### Aim of the exercise
From the listing below, please restate exactly the lines beginning at the one with "Chañaral Comienza a" and ending at the one with "Lanzamiento de misil", both included, and skip the pictures.

### Input for this task

■ ■ ■

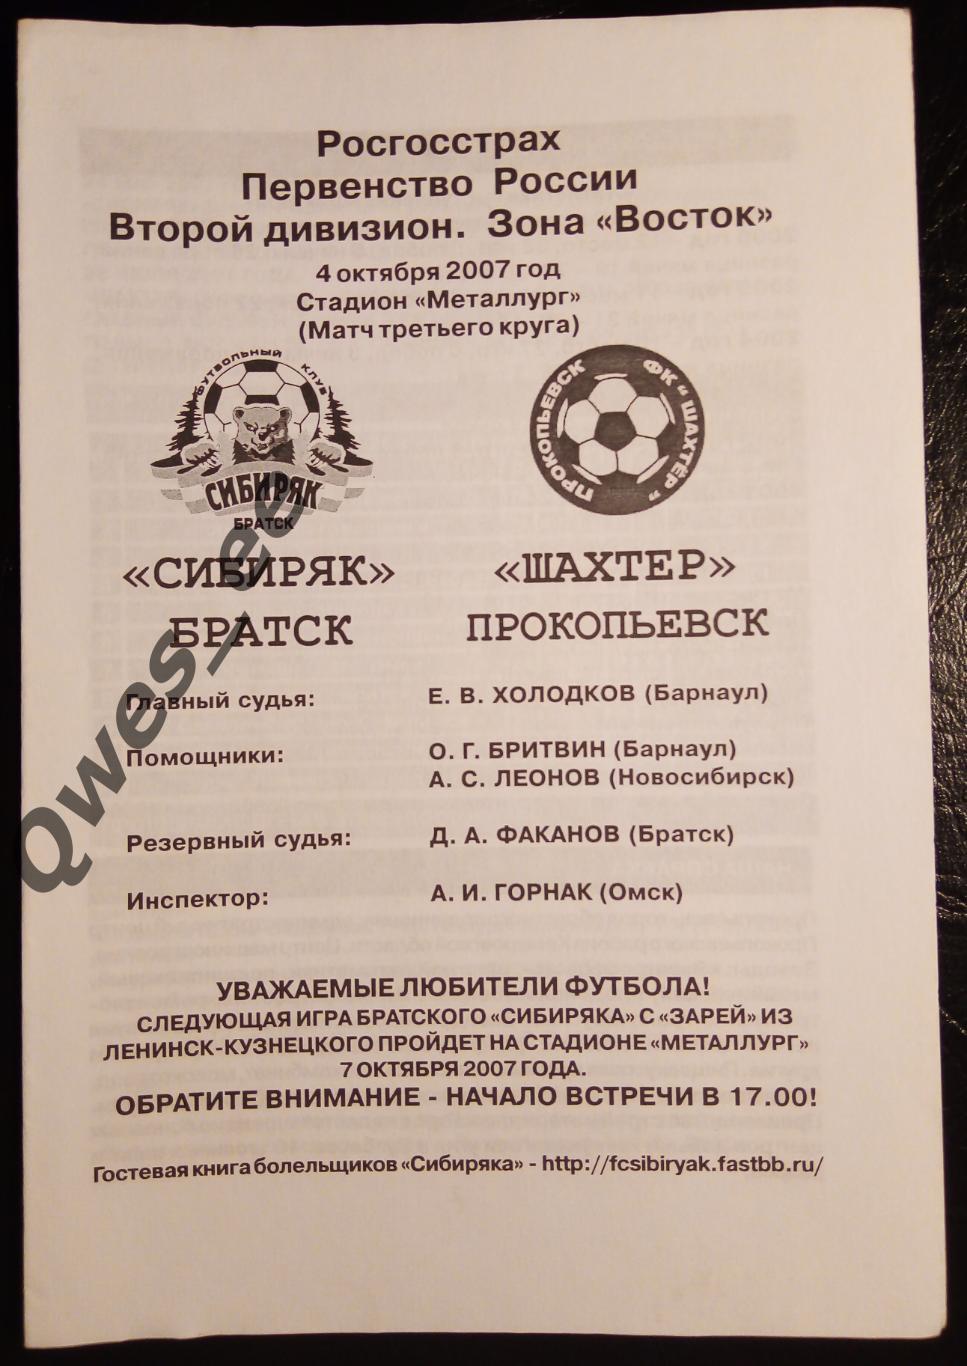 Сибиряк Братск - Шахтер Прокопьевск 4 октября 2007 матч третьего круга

■ ■ ■

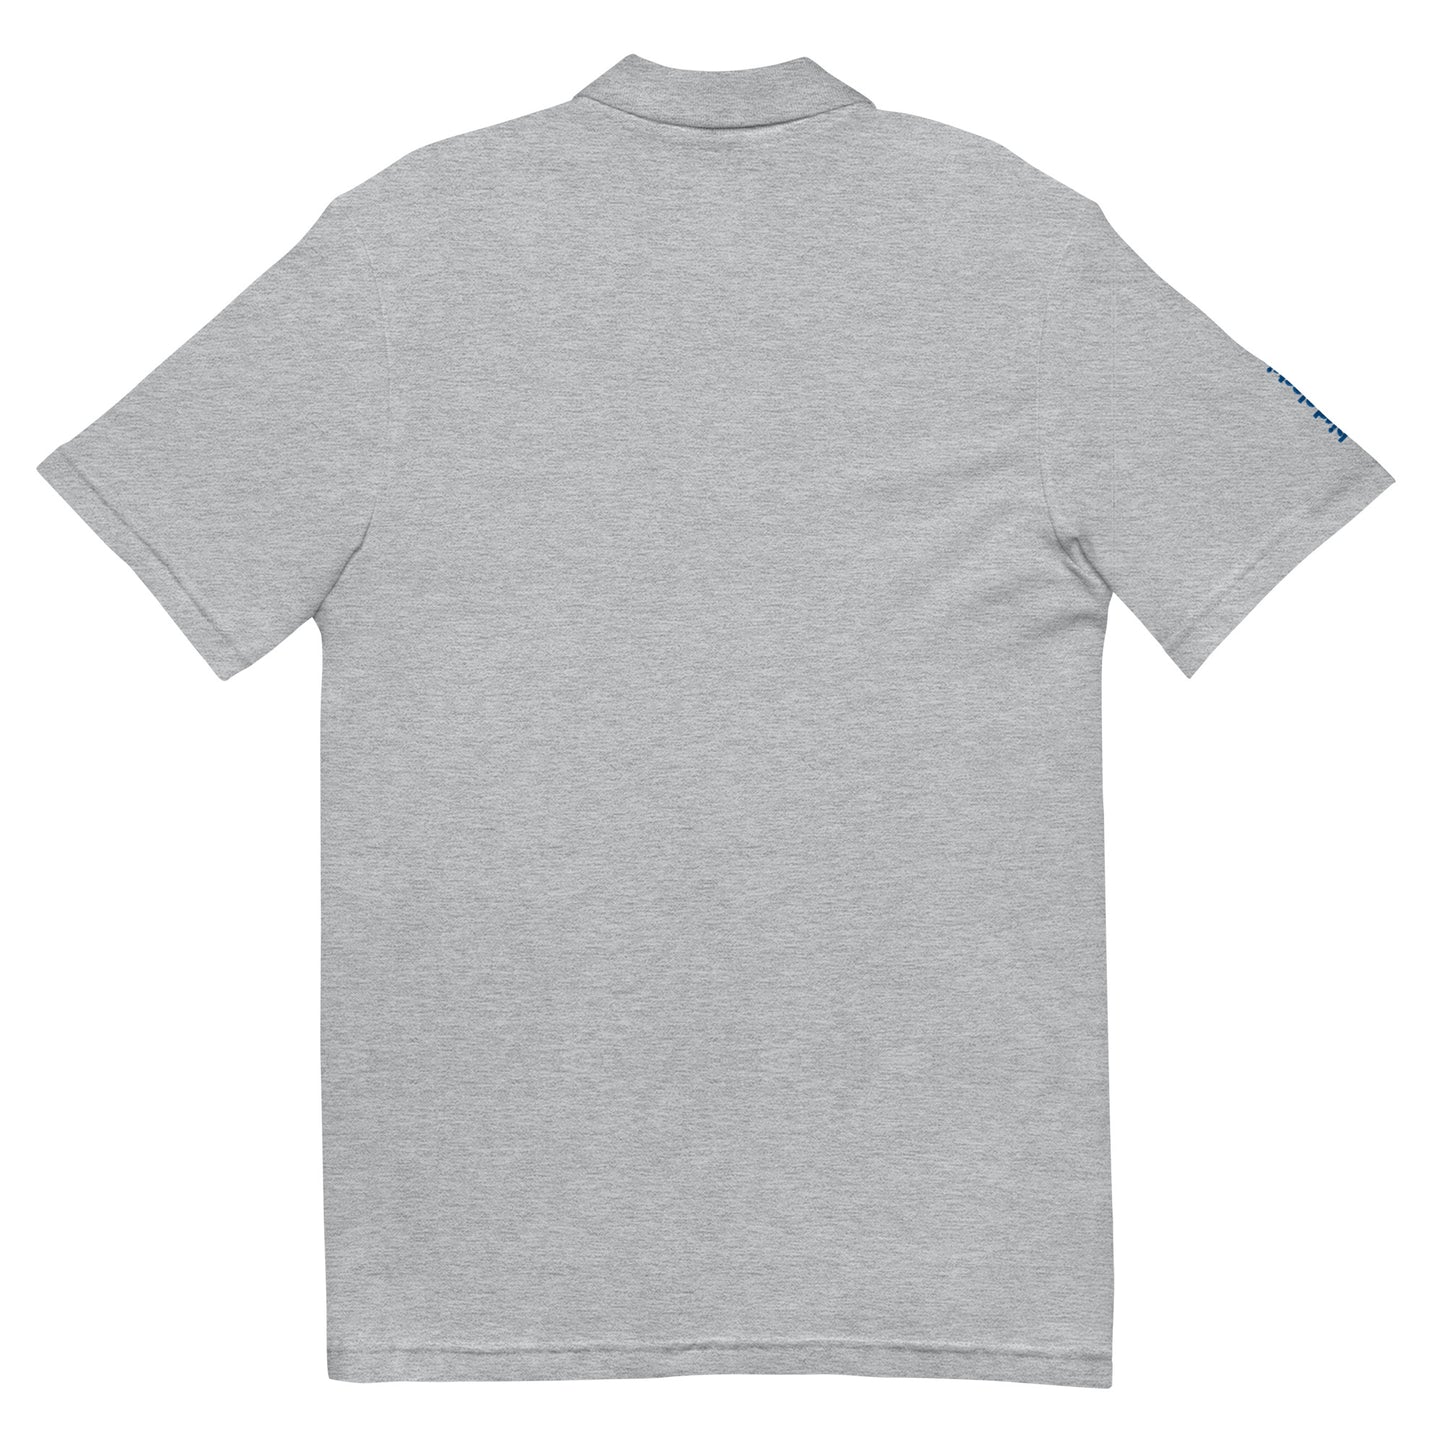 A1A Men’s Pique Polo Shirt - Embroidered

■ ■ ■

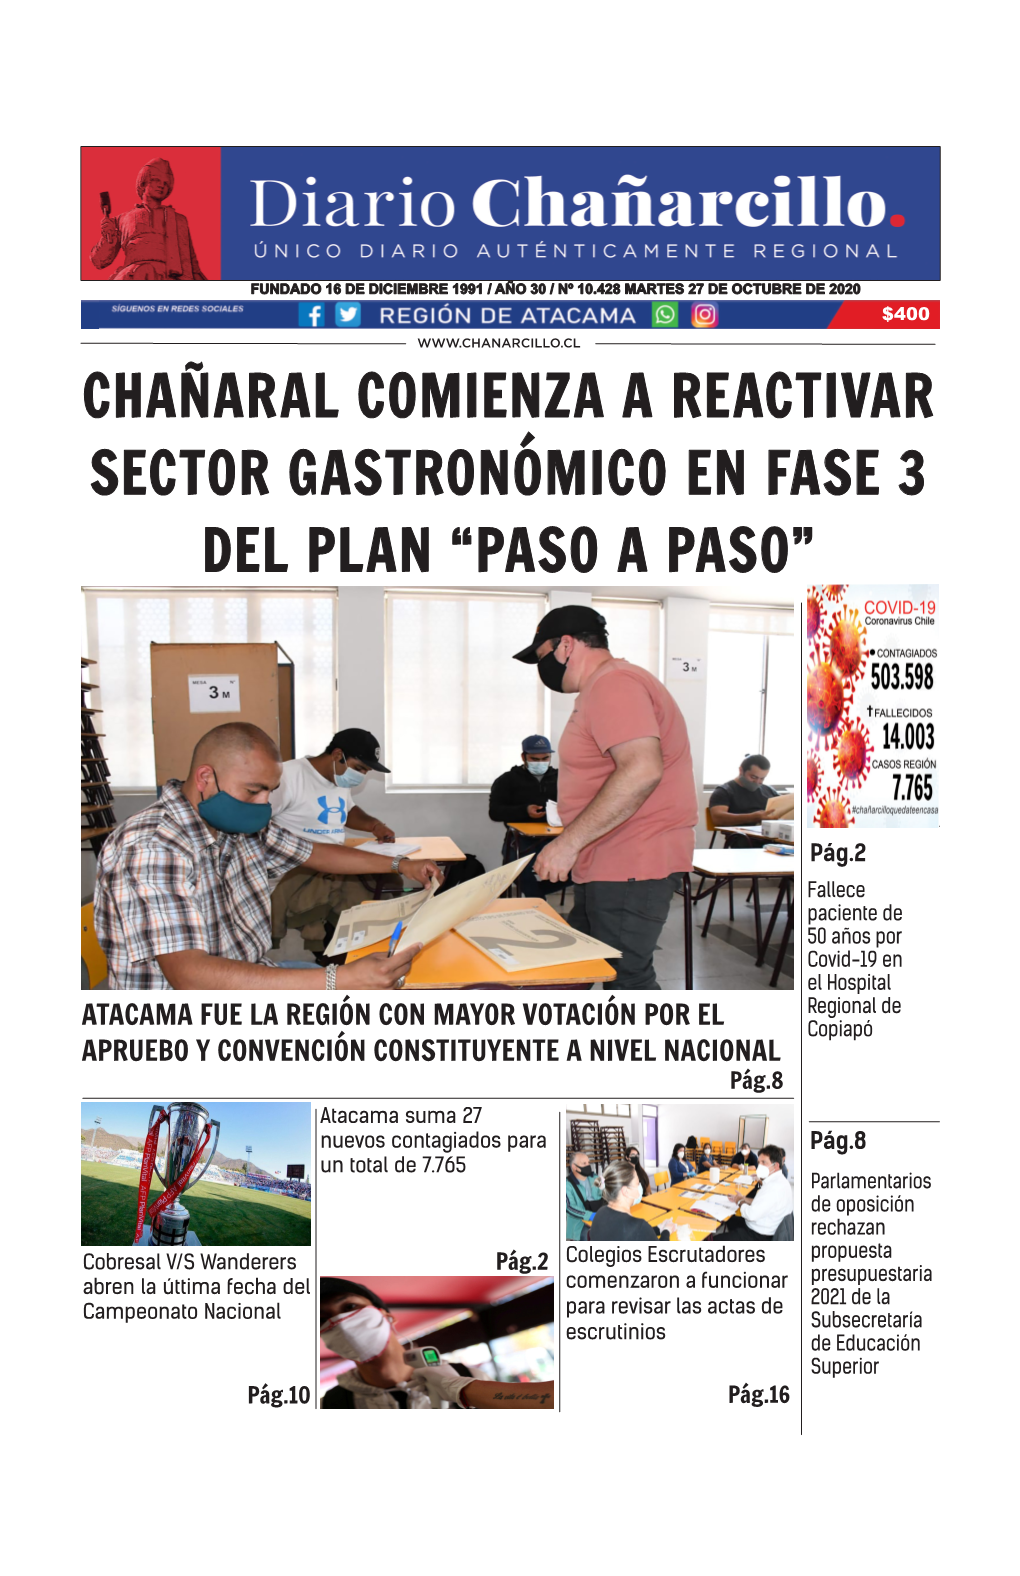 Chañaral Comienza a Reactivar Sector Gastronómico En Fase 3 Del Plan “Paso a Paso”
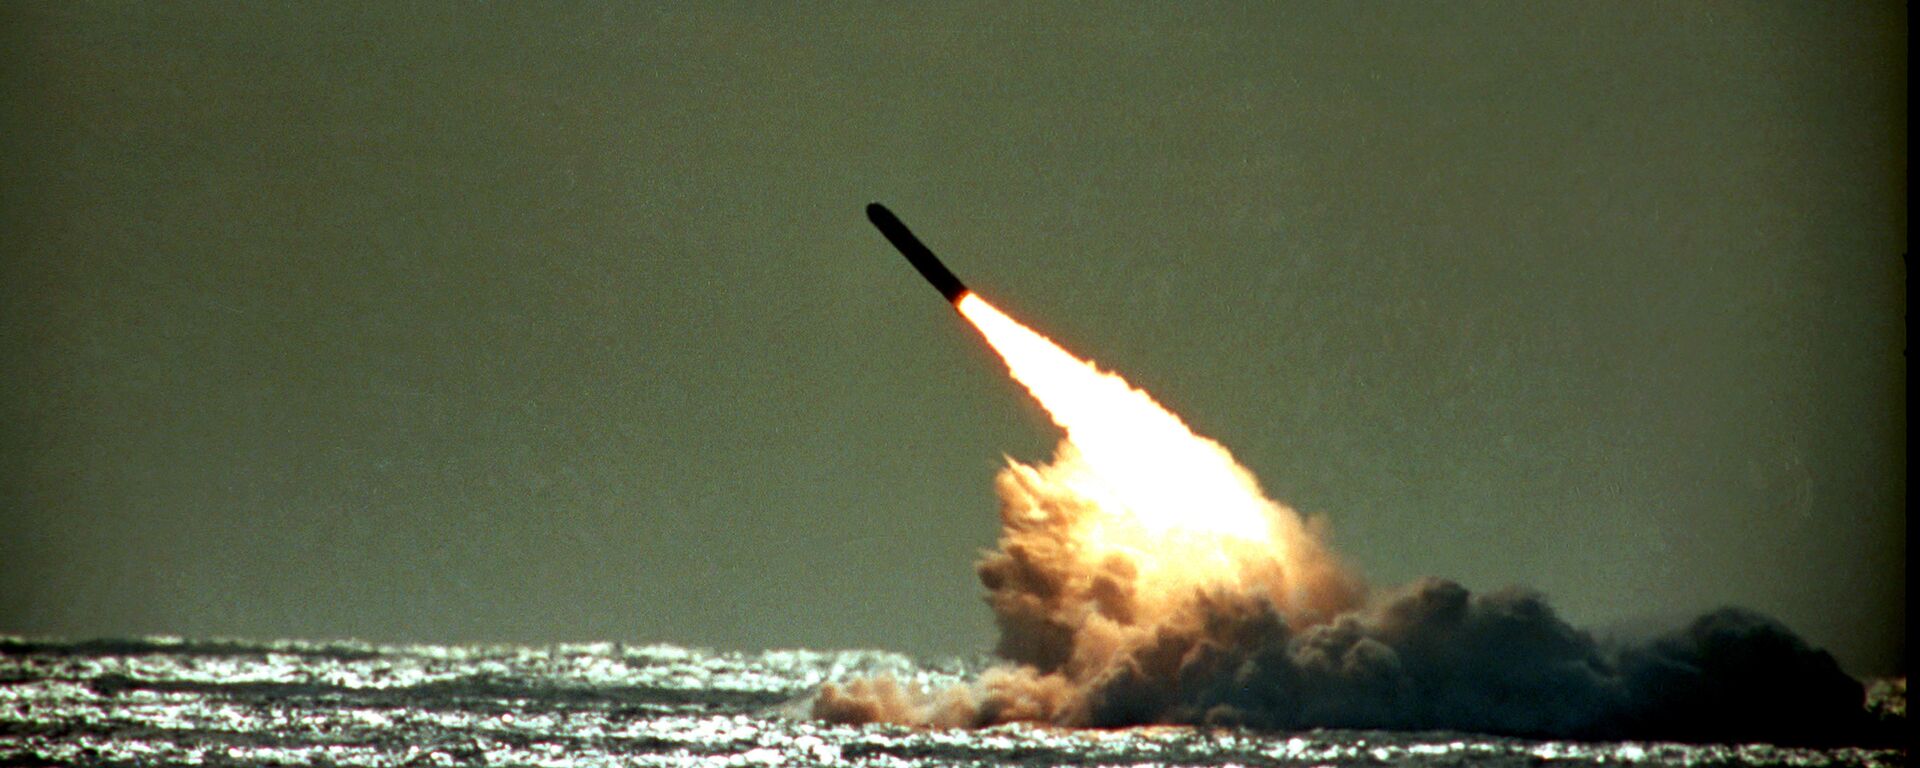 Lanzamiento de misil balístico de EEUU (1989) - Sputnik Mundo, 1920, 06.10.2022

■ ■ ■

### Response
 Chañaral Comienza a Reactivar Sector Gastronómico En Fase 3 Del Plan “Paso a Paso”
 Lanzamiento de misil balístico de EEUU (1989) - Sputnik Mundo, 1920, 06.10.2022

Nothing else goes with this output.